Work request:
From the line that contains "Heritage Village in Abu Dhabi" to the final line below, both included, print each line exactly and skip the pictures.

Information shown:
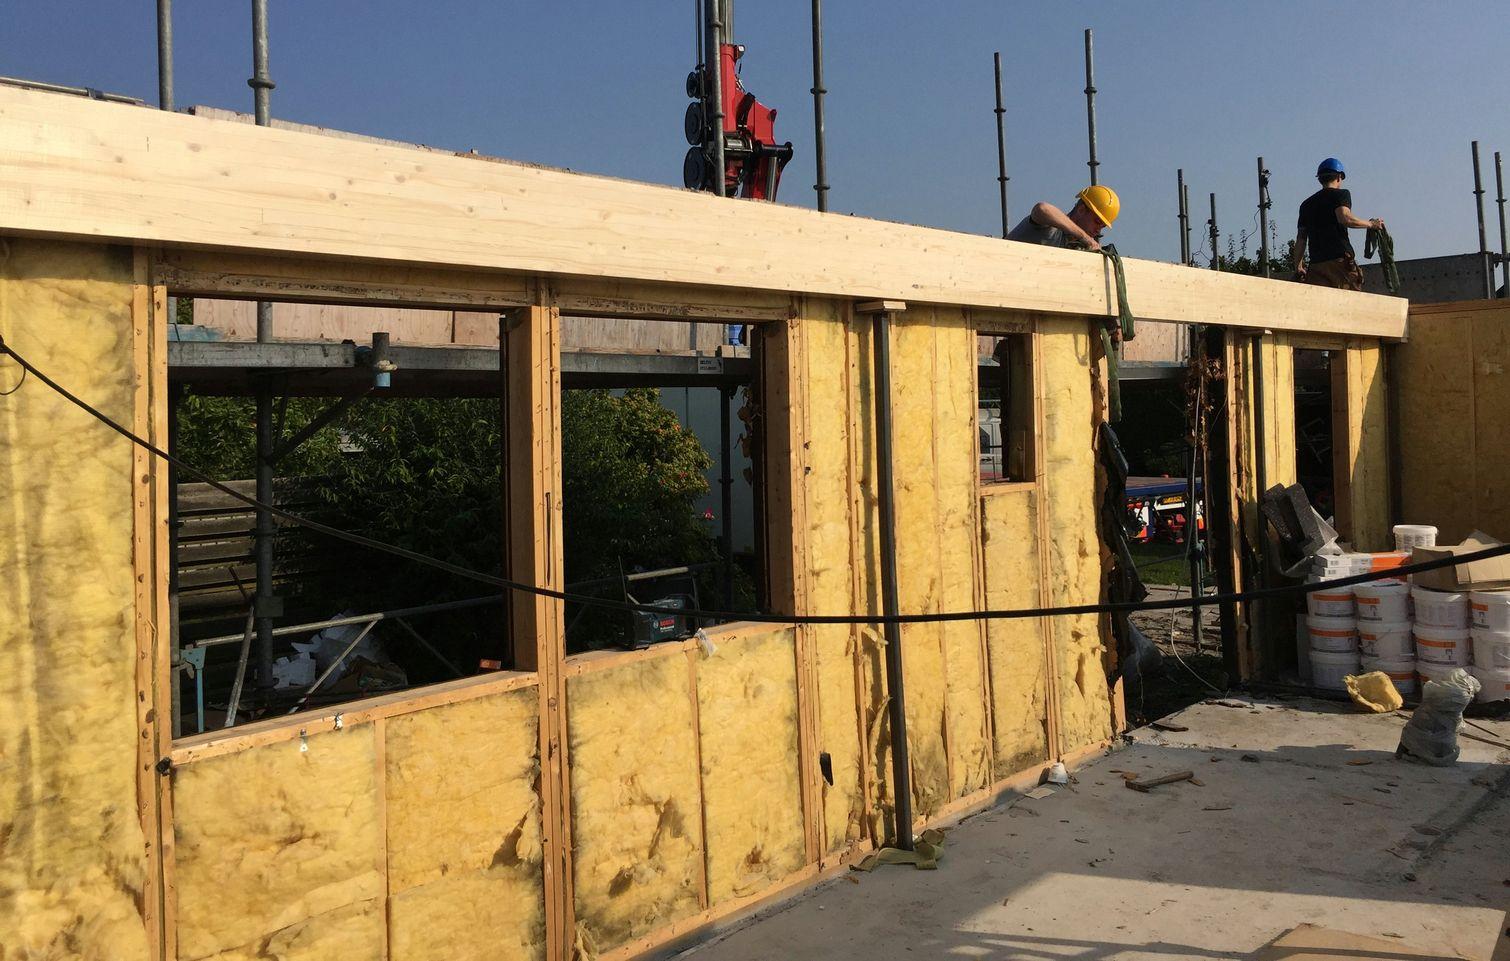 #BF7B0C Dette års Drømmer Du Også Om At Bygge En 1. Sal Med Loft Til Kip? Gør Det Selv Loft Til Kip 5691 15109615691
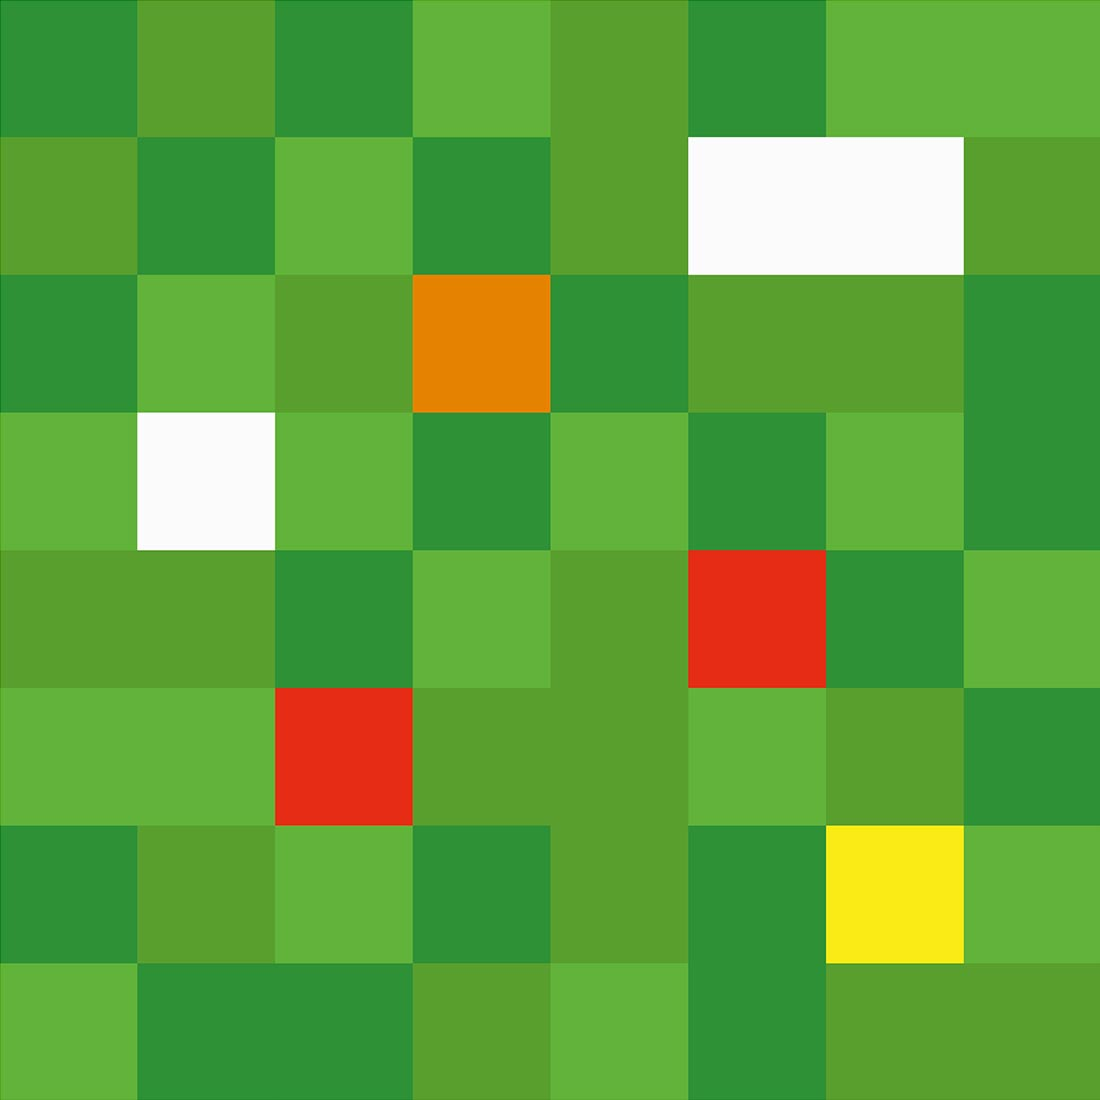 scrambled-videogame-charakters_16
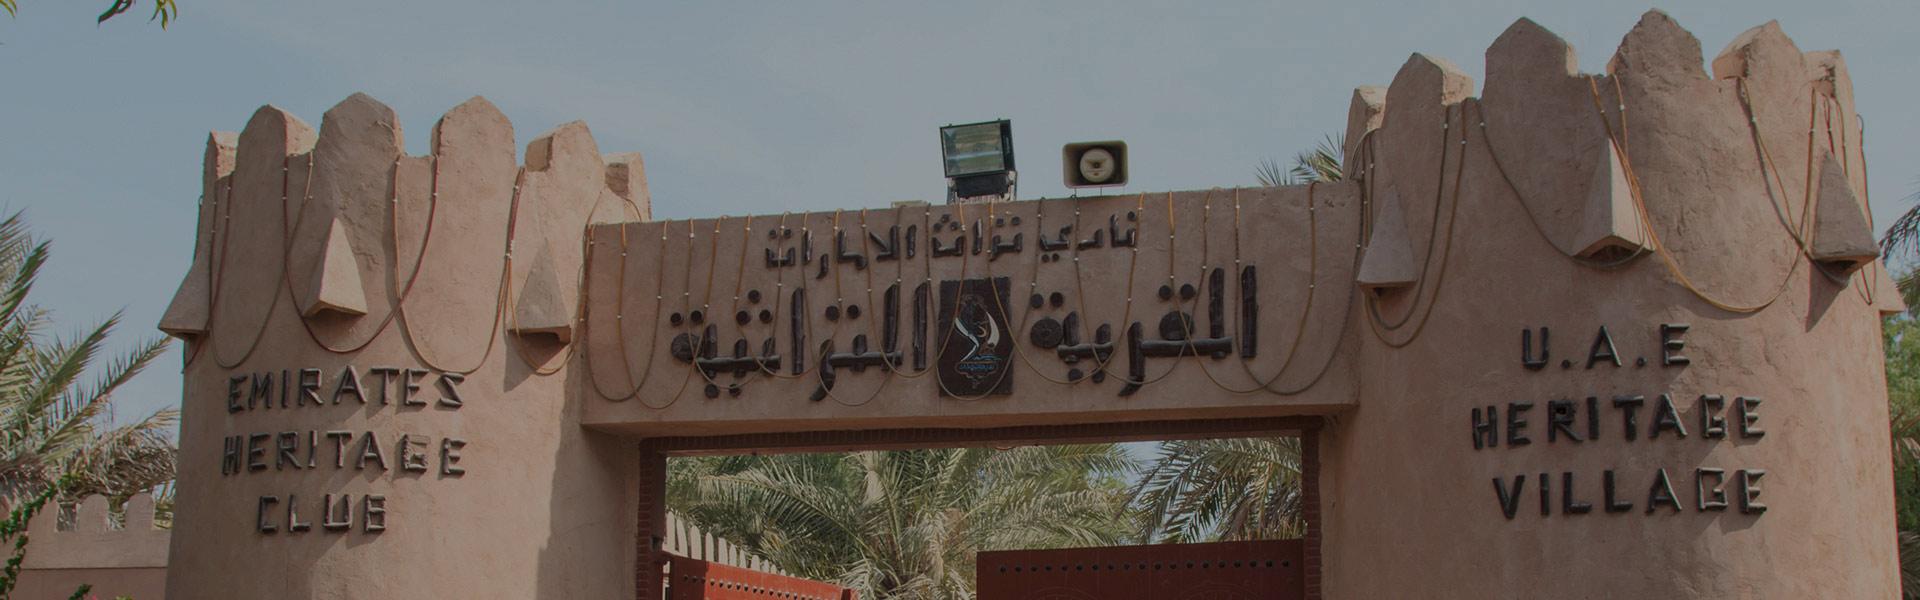 Heritage Village in Abu Dhabi
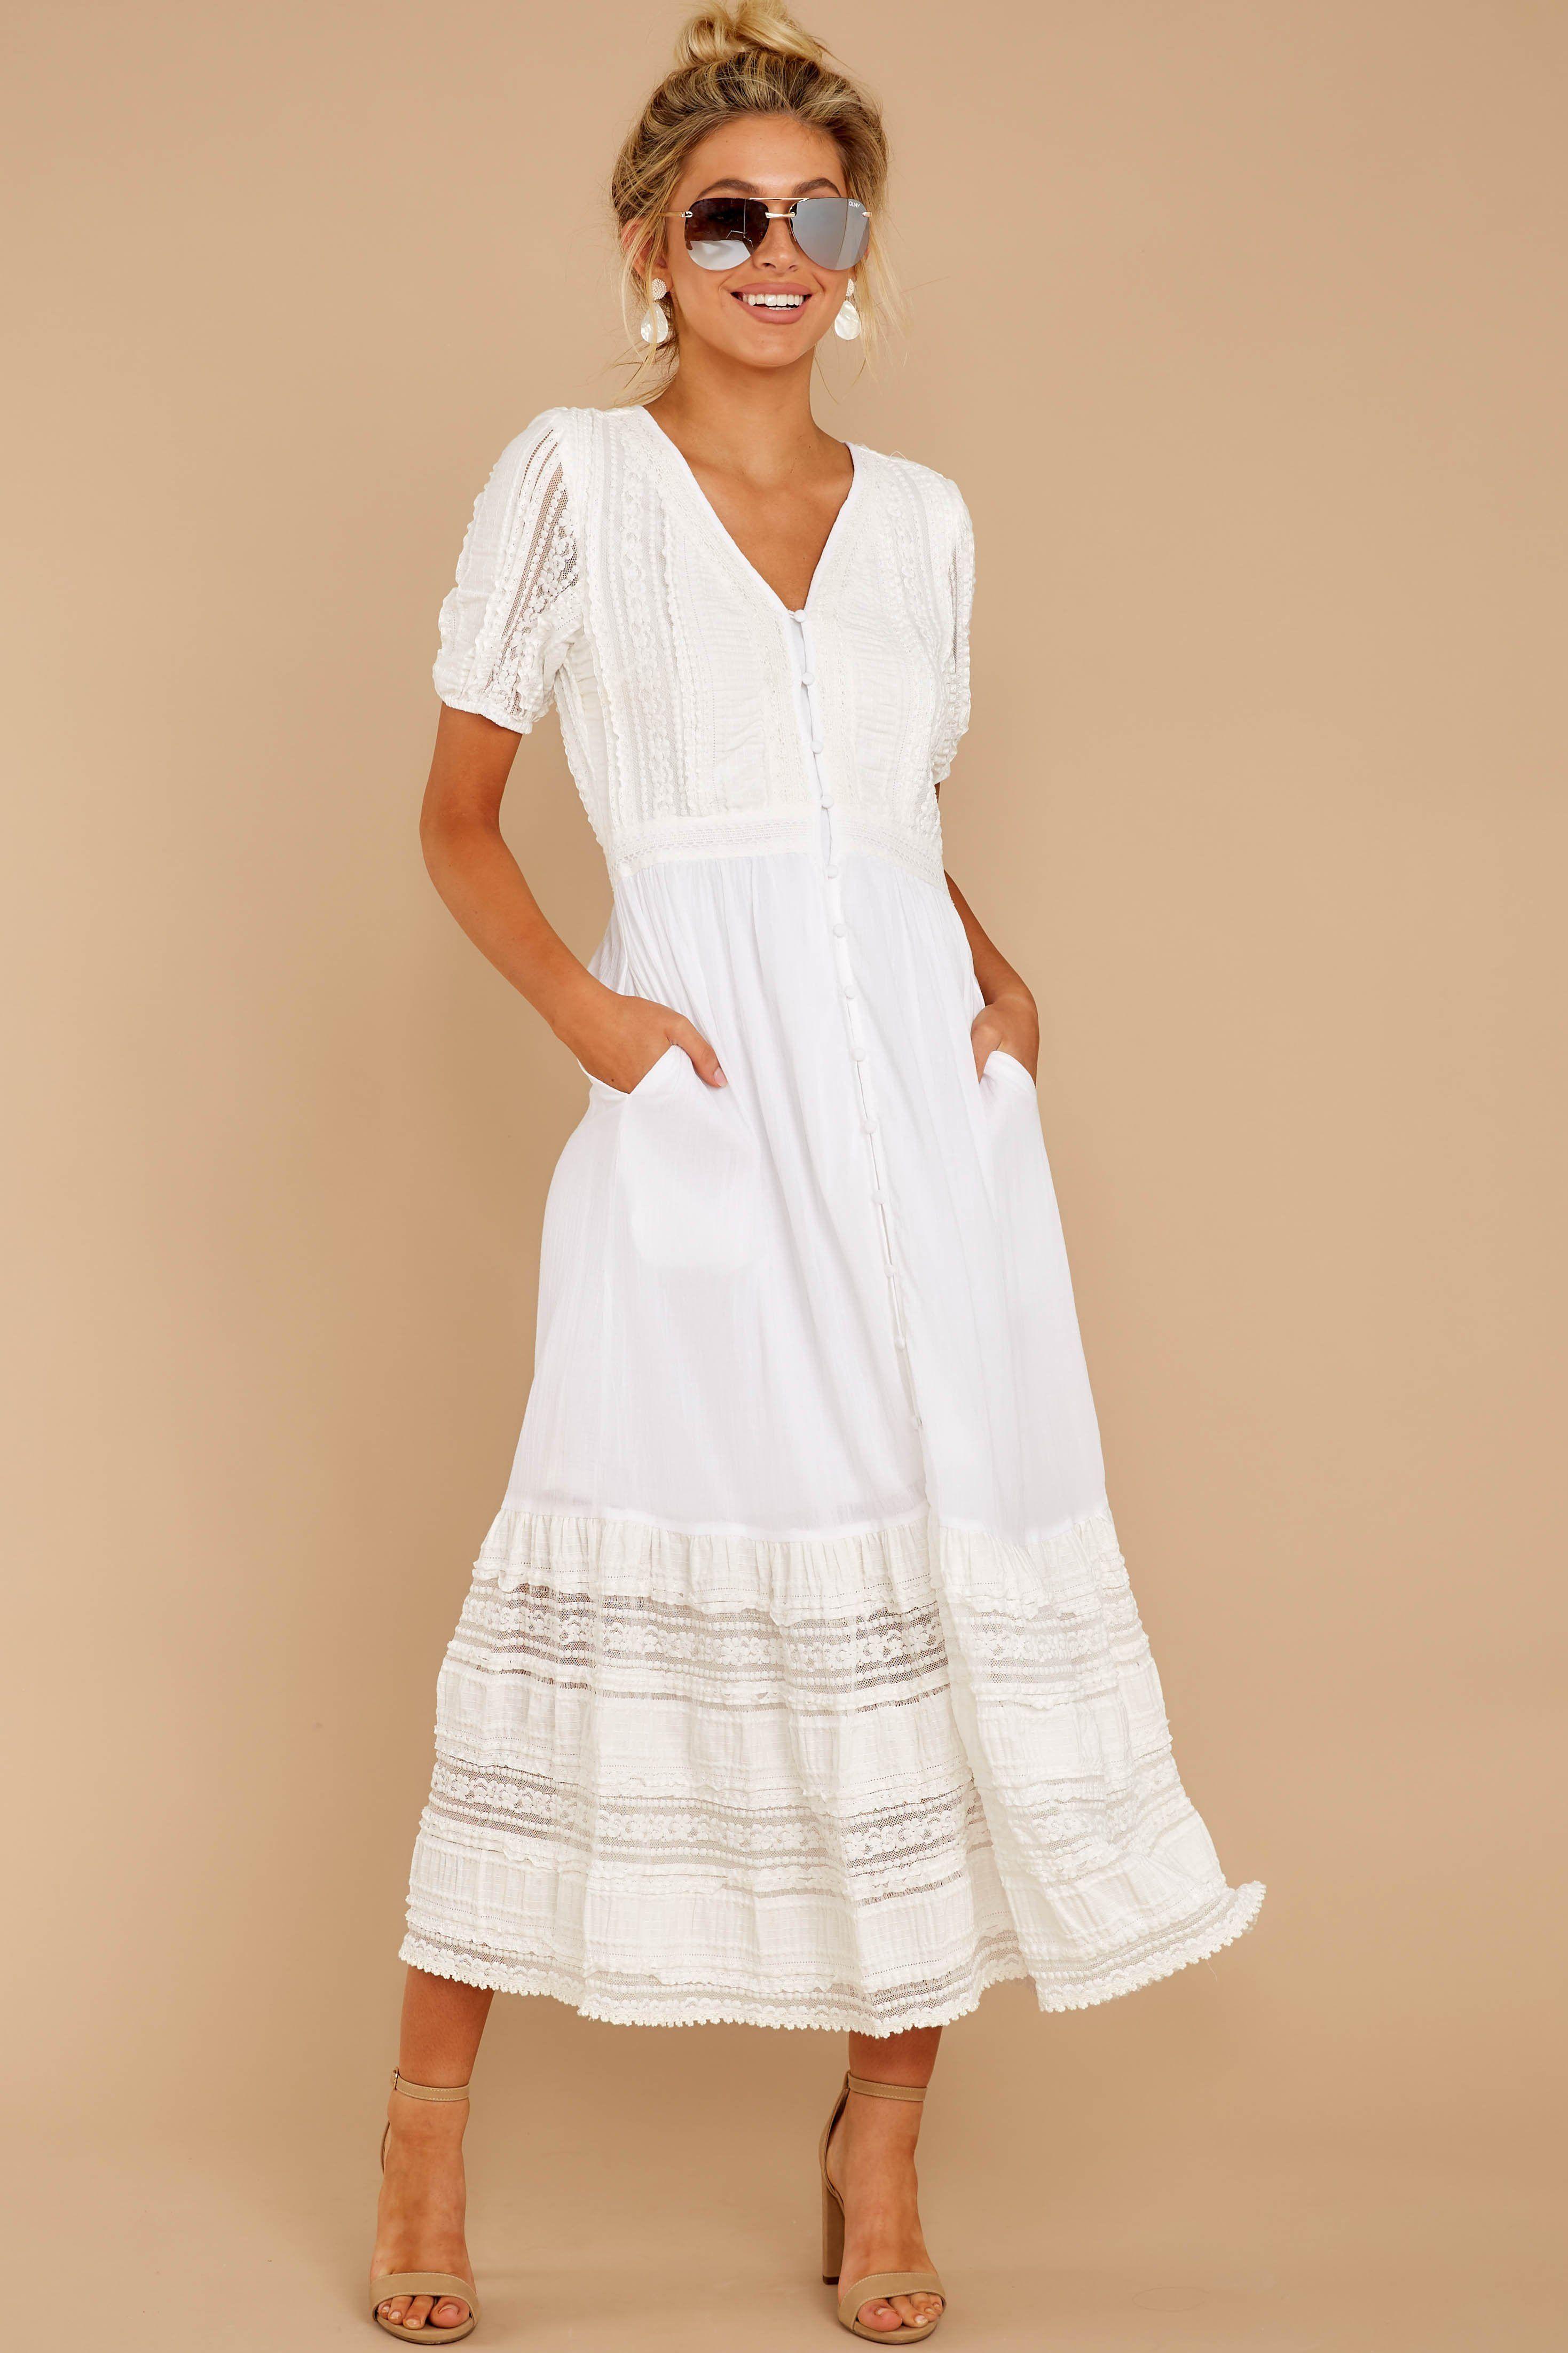 Pin By Ensa Louw On Fashion White Boho Dress Casual White Dress White Maxi Dresses [ 4406 x 2937 Pixel ]

Solution for this exercise:
 Heritage Village in Abu Dhabi
 Pin By Ensa Louw On Fashion White Boho Dress Casual White Dress White Maxi Dresses [ 4406 x 2937 Pixel ]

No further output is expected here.